→ Supplied material:

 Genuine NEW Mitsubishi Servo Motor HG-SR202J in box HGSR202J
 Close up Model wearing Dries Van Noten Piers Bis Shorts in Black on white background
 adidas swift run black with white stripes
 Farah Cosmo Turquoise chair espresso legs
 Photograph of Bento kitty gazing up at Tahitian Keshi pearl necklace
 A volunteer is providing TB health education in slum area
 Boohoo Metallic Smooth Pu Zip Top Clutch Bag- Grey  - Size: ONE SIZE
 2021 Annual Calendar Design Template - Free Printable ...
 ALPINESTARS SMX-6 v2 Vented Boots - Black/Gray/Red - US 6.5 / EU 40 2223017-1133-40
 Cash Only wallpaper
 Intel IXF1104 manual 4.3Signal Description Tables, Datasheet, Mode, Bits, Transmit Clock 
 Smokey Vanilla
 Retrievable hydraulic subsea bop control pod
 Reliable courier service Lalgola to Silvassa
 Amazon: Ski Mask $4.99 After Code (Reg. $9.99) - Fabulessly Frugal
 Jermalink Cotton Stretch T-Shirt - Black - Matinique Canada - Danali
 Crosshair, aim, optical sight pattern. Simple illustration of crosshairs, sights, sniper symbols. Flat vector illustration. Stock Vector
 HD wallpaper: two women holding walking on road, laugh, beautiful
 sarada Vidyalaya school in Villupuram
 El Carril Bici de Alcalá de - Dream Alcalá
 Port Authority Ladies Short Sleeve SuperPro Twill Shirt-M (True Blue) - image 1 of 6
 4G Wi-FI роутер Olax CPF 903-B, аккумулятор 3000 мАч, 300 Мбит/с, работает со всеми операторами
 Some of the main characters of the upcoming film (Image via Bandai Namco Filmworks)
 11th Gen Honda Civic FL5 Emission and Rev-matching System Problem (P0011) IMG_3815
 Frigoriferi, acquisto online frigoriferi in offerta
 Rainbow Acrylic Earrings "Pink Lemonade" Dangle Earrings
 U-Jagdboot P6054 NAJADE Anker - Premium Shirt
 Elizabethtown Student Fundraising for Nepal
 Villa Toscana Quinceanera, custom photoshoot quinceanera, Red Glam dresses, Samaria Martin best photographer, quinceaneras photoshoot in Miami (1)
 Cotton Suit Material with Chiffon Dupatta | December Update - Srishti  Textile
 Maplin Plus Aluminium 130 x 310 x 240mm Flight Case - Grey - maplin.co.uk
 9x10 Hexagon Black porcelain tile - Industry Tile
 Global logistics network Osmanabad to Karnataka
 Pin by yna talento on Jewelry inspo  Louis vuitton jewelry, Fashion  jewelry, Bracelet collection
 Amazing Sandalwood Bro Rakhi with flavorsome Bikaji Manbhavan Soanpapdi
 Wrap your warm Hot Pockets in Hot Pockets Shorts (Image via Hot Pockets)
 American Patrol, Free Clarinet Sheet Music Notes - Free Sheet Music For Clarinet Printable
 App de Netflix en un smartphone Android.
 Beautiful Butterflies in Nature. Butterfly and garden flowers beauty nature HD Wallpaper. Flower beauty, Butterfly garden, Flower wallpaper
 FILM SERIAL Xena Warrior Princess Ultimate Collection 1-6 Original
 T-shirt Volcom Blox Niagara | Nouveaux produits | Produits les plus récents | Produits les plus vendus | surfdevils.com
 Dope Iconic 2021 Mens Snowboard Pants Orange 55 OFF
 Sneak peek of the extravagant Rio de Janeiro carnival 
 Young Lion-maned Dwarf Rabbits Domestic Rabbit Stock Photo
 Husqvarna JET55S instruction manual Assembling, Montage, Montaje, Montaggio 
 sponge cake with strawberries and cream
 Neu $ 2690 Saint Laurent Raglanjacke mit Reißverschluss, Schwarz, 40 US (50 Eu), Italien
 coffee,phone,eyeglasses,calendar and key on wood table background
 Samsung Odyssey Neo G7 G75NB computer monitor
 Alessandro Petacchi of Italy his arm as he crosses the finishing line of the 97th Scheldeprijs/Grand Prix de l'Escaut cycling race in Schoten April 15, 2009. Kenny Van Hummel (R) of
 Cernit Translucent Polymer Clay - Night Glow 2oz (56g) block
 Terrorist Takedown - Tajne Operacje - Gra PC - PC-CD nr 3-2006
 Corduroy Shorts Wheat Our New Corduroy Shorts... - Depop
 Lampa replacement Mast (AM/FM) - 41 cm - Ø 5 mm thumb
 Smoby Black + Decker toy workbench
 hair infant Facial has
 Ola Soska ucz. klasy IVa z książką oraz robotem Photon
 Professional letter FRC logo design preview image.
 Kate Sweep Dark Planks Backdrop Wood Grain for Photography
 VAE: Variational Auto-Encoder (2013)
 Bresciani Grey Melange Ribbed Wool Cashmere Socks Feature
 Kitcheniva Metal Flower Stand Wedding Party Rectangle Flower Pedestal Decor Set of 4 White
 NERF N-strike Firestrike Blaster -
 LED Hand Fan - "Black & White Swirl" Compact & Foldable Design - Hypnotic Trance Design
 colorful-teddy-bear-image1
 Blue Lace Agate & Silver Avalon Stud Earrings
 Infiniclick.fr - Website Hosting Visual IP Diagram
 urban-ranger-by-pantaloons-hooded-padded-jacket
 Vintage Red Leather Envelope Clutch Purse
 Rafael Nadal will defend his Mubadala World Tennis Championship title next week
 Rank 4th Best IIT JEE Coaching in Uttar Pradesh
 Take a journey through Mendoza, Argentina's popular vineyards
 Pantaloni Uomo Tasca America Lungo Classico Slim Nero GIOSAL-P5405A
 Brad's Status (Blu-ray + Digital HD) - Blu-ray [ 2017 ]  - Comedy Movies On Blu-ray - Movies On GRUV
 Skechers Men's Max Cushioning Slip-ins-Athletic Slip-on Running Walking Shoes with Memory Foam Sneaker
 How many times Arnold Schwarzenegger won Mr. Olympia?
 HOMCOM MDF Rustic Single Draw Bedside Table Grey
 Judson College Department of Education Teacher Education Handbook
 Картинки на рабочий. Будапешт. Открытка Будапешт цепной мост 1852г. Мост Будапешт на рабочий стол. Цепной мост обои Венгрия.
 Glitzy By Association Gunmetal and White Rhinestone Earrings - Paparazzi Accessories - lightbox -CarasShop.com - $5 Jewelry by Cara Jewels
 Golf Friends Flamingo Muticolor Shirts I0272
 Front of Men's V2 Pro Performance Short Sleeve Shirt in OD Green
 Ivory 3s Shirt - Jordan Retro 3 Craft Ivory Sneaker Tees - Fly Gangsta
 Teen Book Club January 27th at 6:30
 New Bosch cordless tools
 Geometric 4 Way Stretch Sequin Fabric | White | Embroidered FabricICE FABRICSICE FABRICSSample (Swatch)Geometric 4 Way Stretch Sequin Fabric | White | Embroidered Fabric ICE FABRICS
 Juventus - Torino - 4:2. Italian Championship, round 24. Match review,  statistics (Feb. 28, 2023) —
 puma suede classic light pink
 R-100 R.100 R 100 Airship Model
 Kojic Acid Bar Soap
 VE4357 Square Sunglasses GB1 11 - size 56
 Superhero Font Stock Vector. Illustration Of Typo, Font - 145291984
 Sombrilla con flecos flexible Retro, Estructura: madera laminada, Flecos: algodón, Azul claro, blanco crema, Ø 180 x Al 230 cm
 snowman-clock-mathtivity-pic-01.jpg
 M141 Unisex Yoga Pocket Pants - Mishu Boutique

→ Exercise requirements: Return exactly the lines above from the line that has "colorful-teddy-bear-image1" through the line that has "Fabric ICE FABRICS", inclusive, and nothing else.

→ Output for this task:
 colorful-teddy-bear-image1
 Blue Lace Agate & Silver Avalon Stud Earrings
 Infiniclick.fr - Website Hosting Visual IP Diagram
 urban-ranger-by-pantaloons-hooded-padded-jacket
 Vintage Red Leather Envelope Clutch Purse
 Rafael Nadal will defend his Mubadala World Tennis Championship title next week
 Rank 4th Best IIT JEE Coaching in Uttar Pradesh
 Take a journey through Mendoza, Argentina's popular vineyards
 Pantaloni Uomo Tasca America Lungo Classico Slim Nero GIOSAL-P5405A
 Brad's Status (Blu-ray + Digital HD) - Blu-ray [ 2017 ]  - Comedy Movies On Blu-ray - Movies On GRUV
 Skechers Men's Max Cushioning Slip-ins-Athletic Slip-on Running Walking Shoes with Memory Foam Sneaker
 How many times Arnold Schwarzenegger won Mr. Olympia?
 HOMCOM MDF Rustic Single Draw Bedside Table Grey
 Judson College Department of Education Teacher Education Handbook
 Картинки на рабочий. Будапешт. Открытка Будапешт цепной мост 1852г. Мост Будапешт на рабочий стол. Цепной мост обои Венгрия.
 Glitzy By Association Gunmetal and White Rhinestone Earrings - Paparazzi Accessories - lightbox -CarasShop.com - $5 Jewelry by Cara Jewels
 Golf Friends Flamingo Muticolor Shirts I0272
 Front of Men's V2 Pro Performance Short Sleeve Shirt in OD Green
 Ivory 3s Shirt - Jordan Retro 3 Craft Ivory Sneaker Tees - Fly Gangsta
 Teen Book Club January 27th at 6:30
 New Bosch cordless tools
 Geometric 4 Way Stretch Sequin Fabric | White | Embroidered FabricICE FABRICSICE FABRICSSample (Swatch)Geometric 4 Way Stretch Sequin Fabric | White | Embroidered Fabric ICE FABRICS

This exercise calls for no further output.